_Instructions for the task_: Transcribe the listing in full, excluding any pictures.

_Dataset extract_:
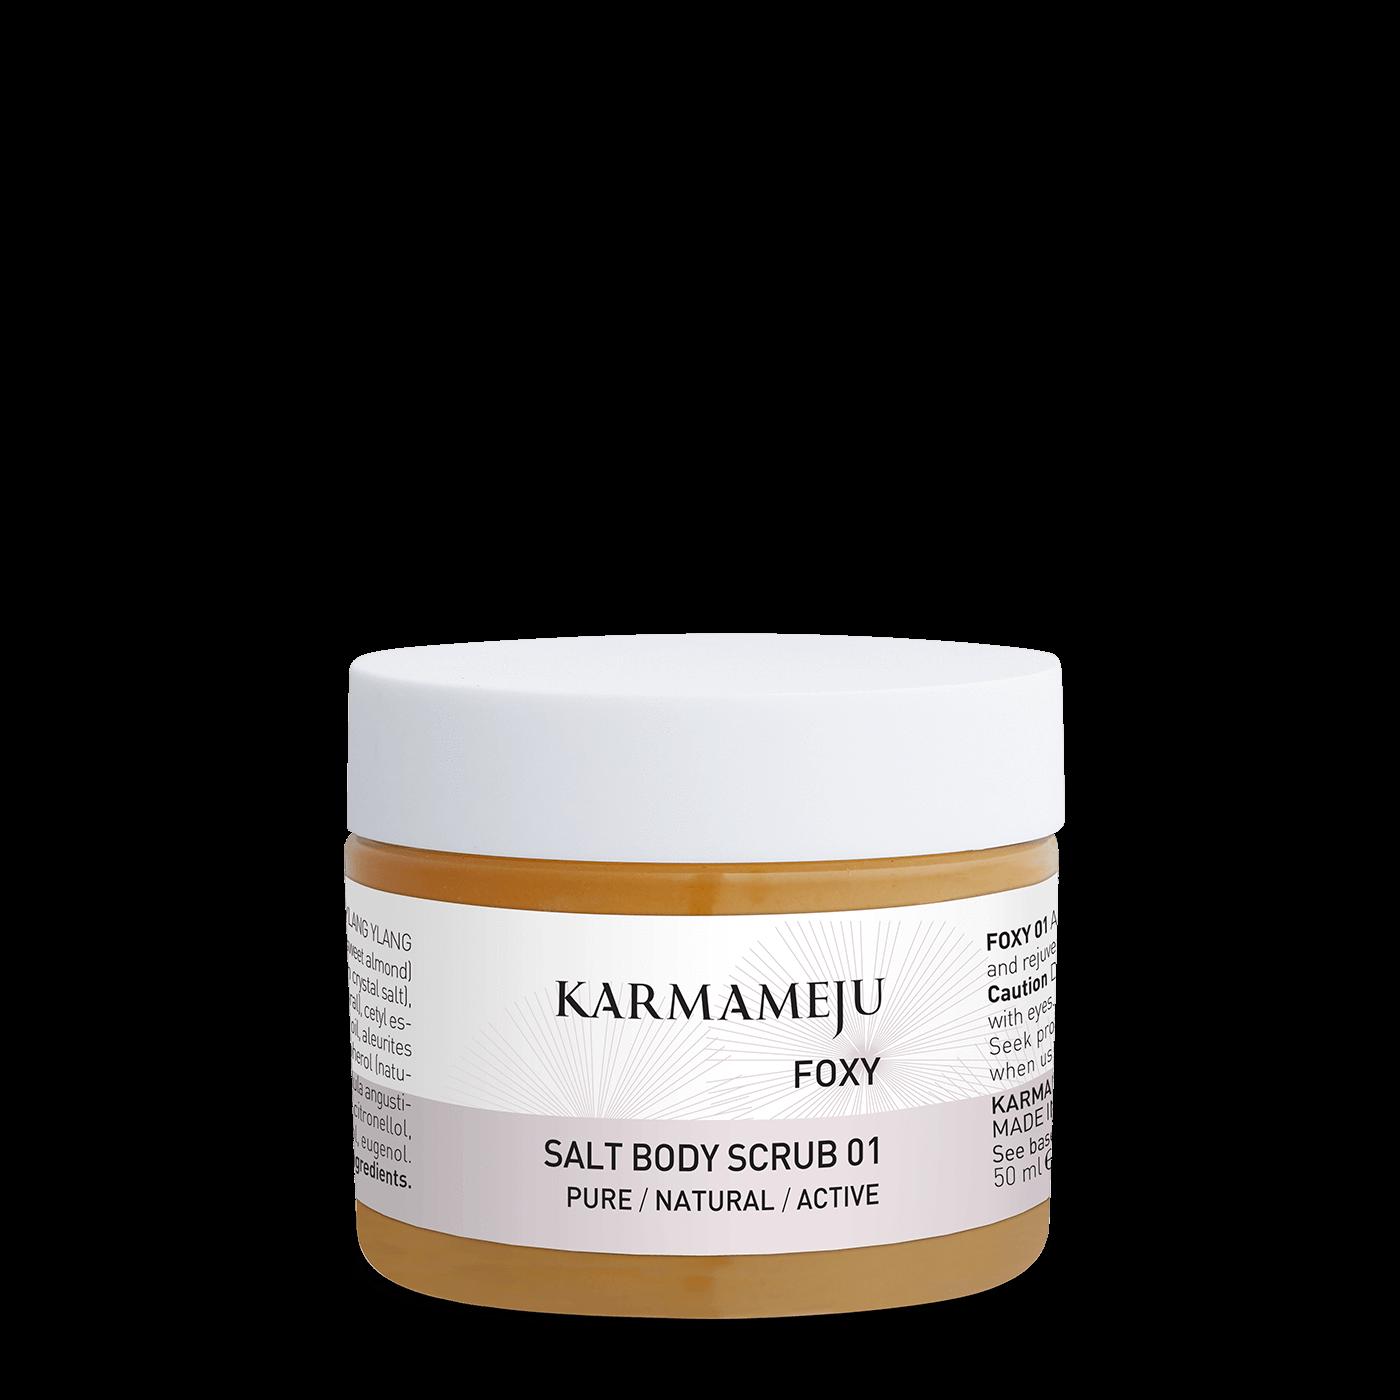 Karmameju FOXY / SALT BODY SCRUB 01 - Travel size
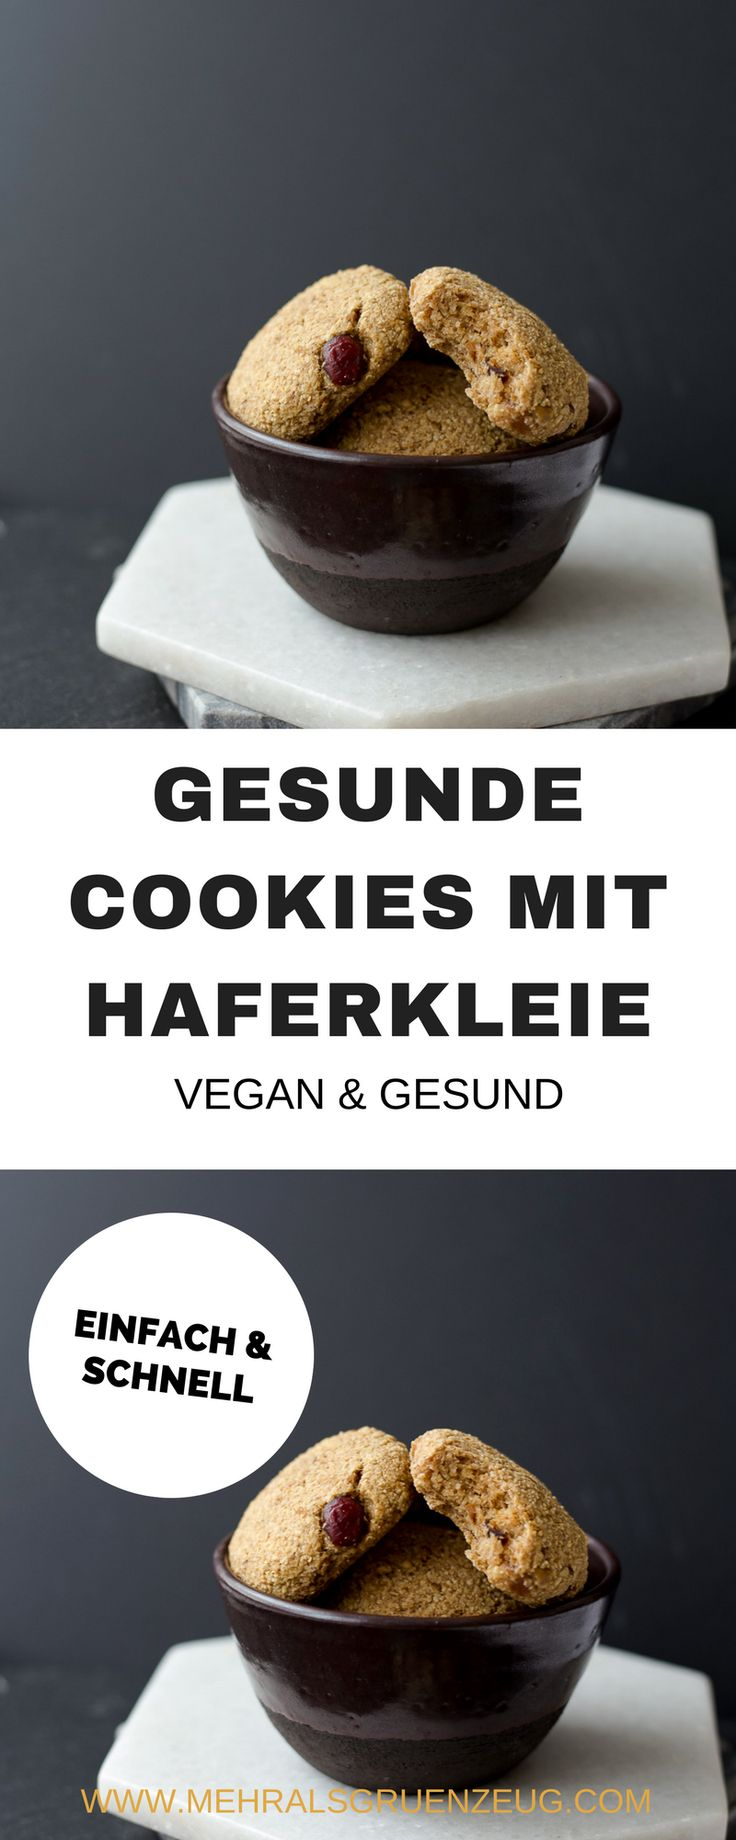 Vegane Kekse mit Haferkleie - schnell gemachte Hafer-Cookies ohne Zucker, Weißmehl und mit Datteln gesüßt. Leckeres, vollwertiges veganes Rezept.
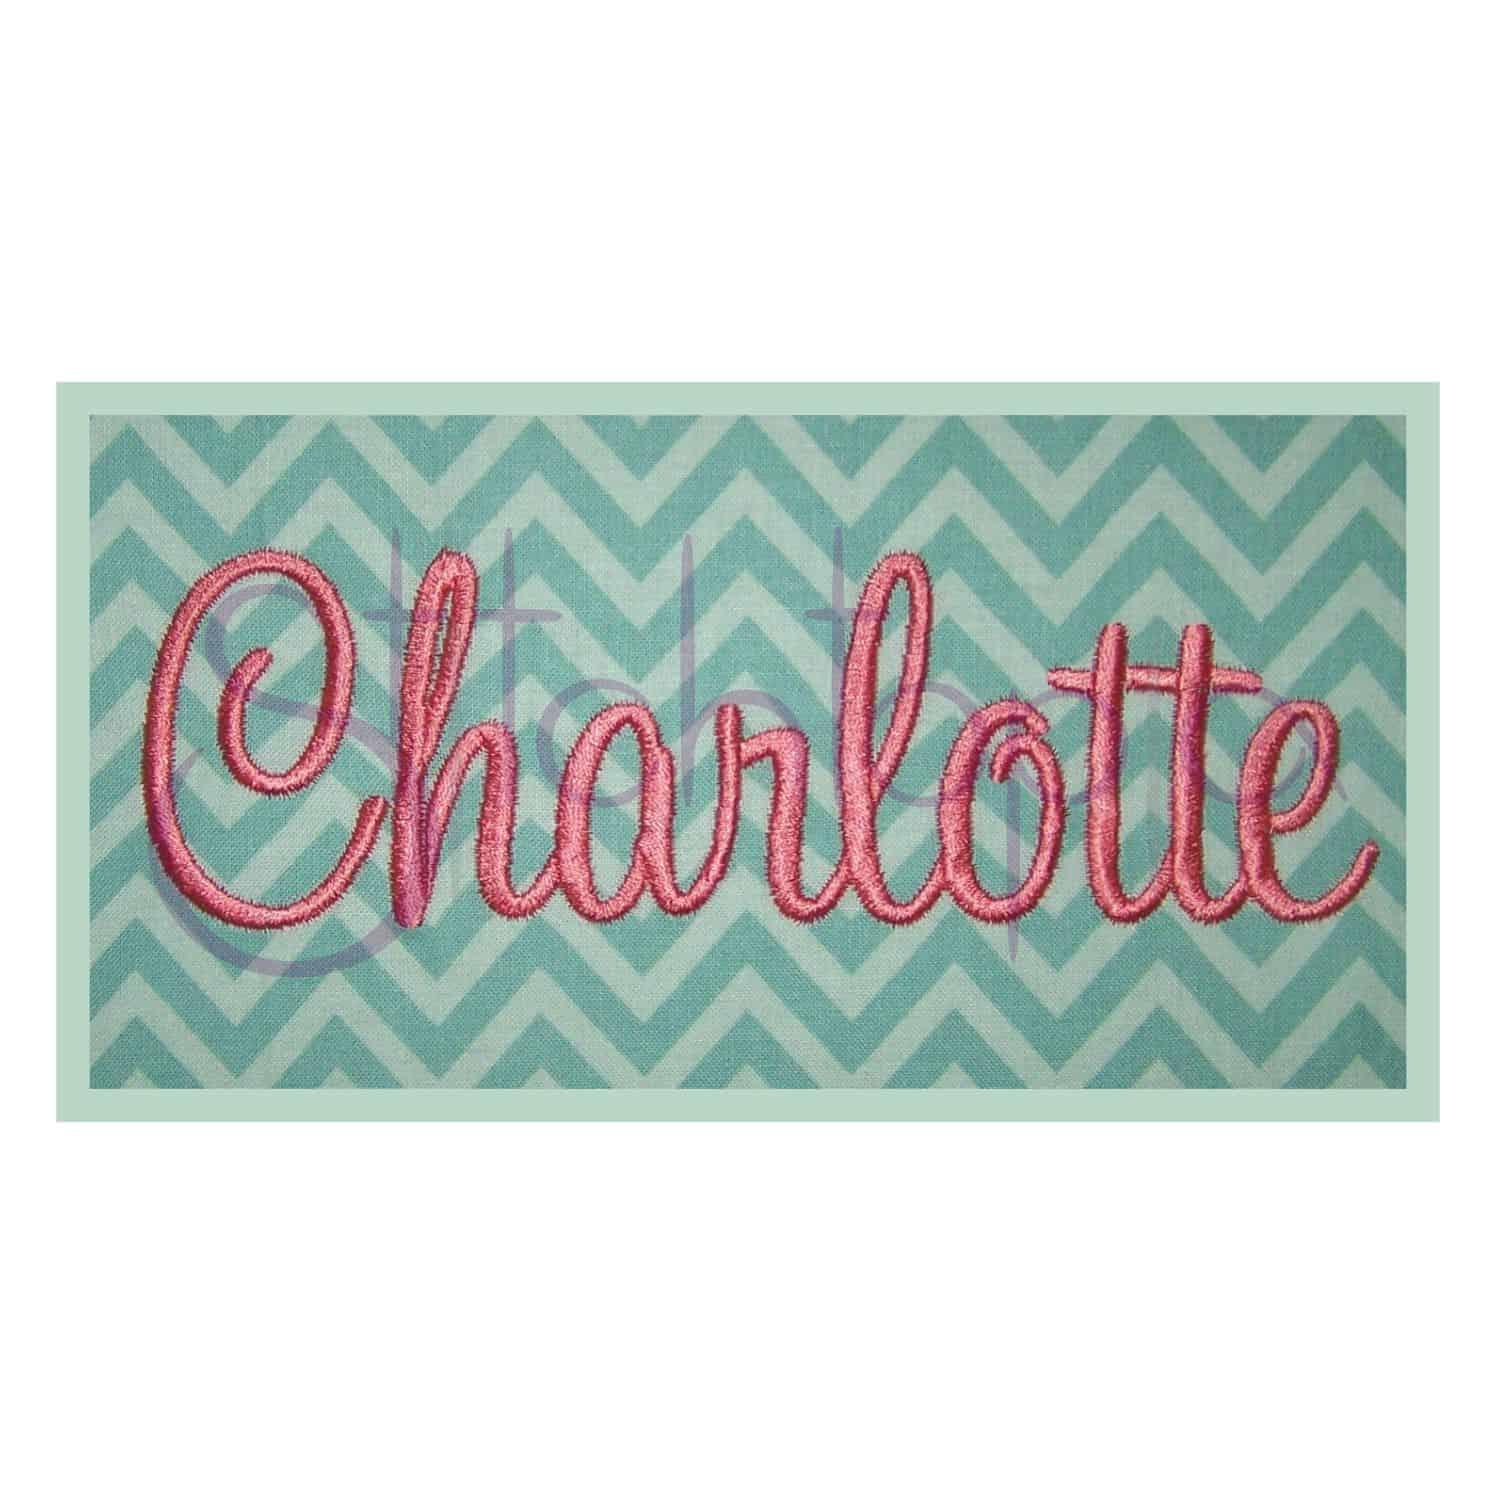 charlotte embroidery font set 1 quot 1 5 quot 2 quot 2 5 quot 3 quot stitchtopia

_The completed task_:
 Karmameju FOXY / SALT BODY SCRUB 01 - Travel size
 Vegane Kekse mit Haferkleie - schnell gemachte Hafer-Cookies ohne Zucker, Weißmehl und mit Datteln gesüßt. Leckeres, vollwertiges veganes Rezept.
 charlotte embroidery font set 1 quot 1 5 quot 2 quot 2 5 quot 3 quot stitchtopia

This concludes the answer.